Of course this makes you wonder whats the difference between the CASL cache and what many other providers are doing with a Tier of Flash?

Because the cache is backed by disk (the data is in the cache and on the disk) you don't need to protect the data on the disk. This means you can use cheaper flash drives and you don't need to do any parity or mirroring giving you saving of 1.3 to 2 times.
Its much easier to evict or throw away data in the cache than it is to demote data out of a Flash tier into a lower one, you don't have to copy any data.
You don't have to be so careful about putting things in cache as its not an expensive operation so all writes or reads can be put in cache for fast access if you need it again and of course cache is a lot more effort to integrate into your file system than tiering so if you are dealing with legacy its much harder then when you are starting from scratch like Nimble have.

Thoughts?

I really got the feeling that Nimble are not trying to be everything to everyone. They are focused on a particular market segment, hitting their pain points and attempting to do it better than the incumbents are.
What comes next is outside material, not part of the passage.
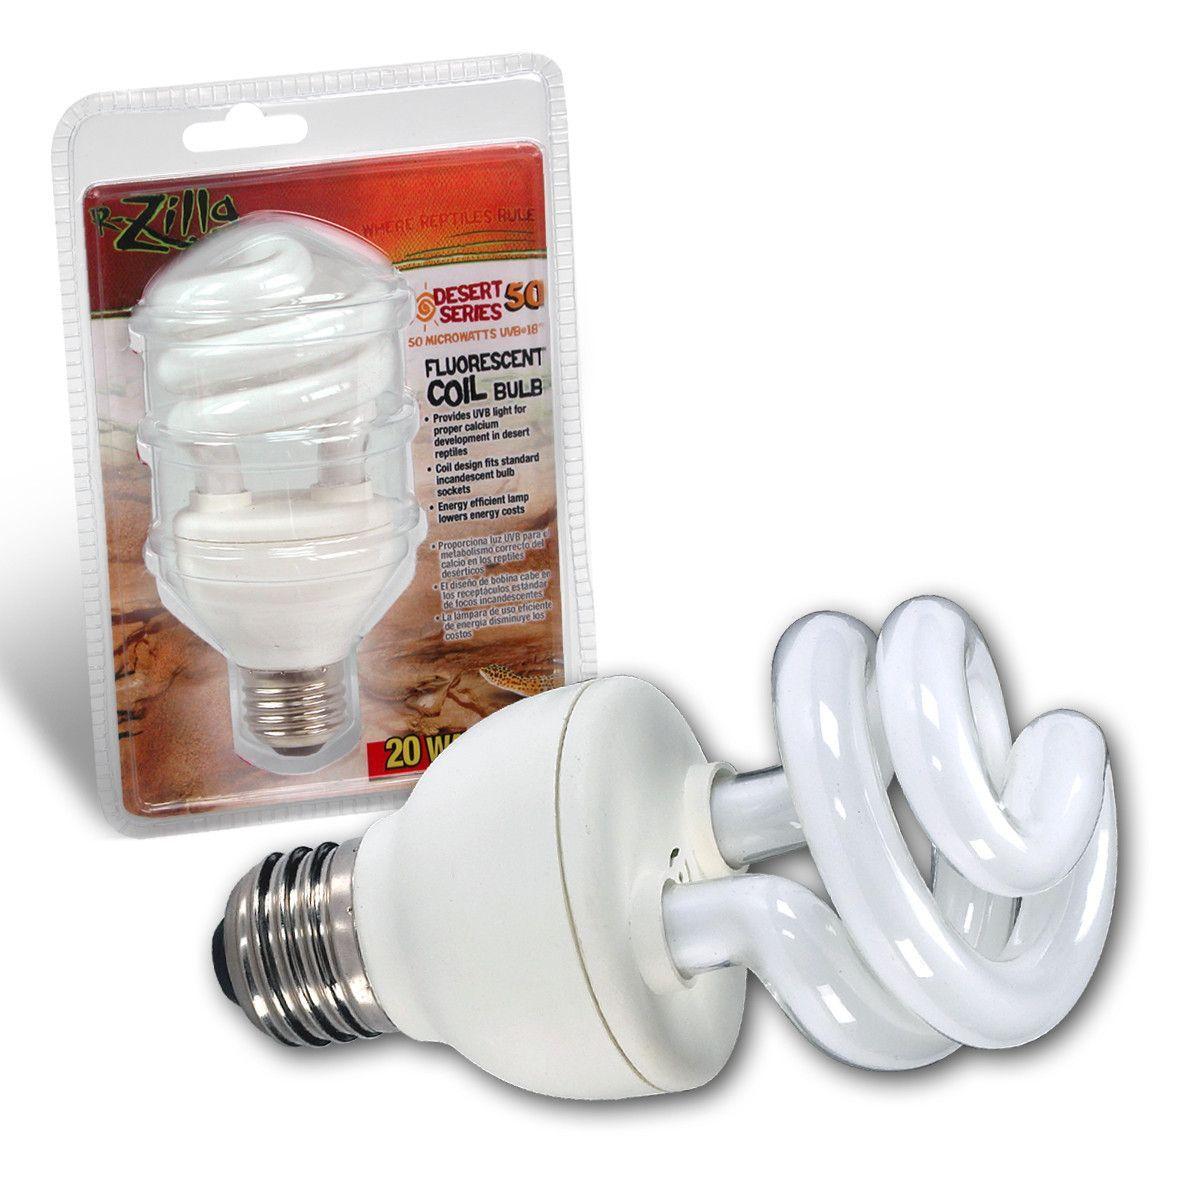 Zilla Desert 50 Uvb Fluorescent Coil Bulb 20w Bulb Uva Light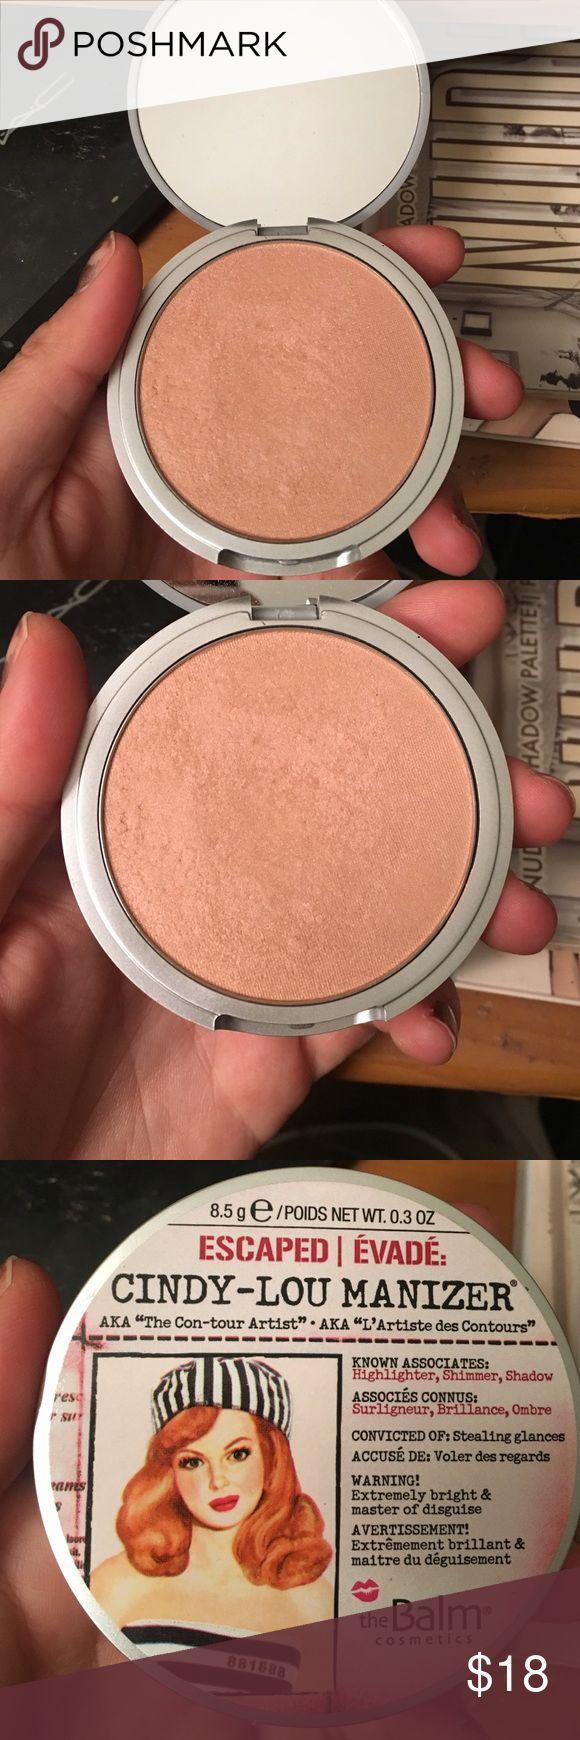 The Balm Cindy-Lou-Manizer face highlight powder Barely used highlight powder from the balm cosmetics. Slightly pink shimmery highlight. Makeup Luminizer

They have a few things to deliver in my opinion to reach the goal, such as

cascaded replication to offer true local and remote data protection
get the SRM module for VMware certified
its looks hard to scale out if you just need some further storage as you can't add disk shelves, you get what you get. Yet their is nothing in their architecture to preclude some changes here which is good.

The big question will be is it different enough to the competitors for them to get into the market. If you only difference is doing something better (no matter how clever it is under the hood) how easy is it for your competitors to be "good enough" or a much better price point. Some good marketing, sales force and channel are going to be key.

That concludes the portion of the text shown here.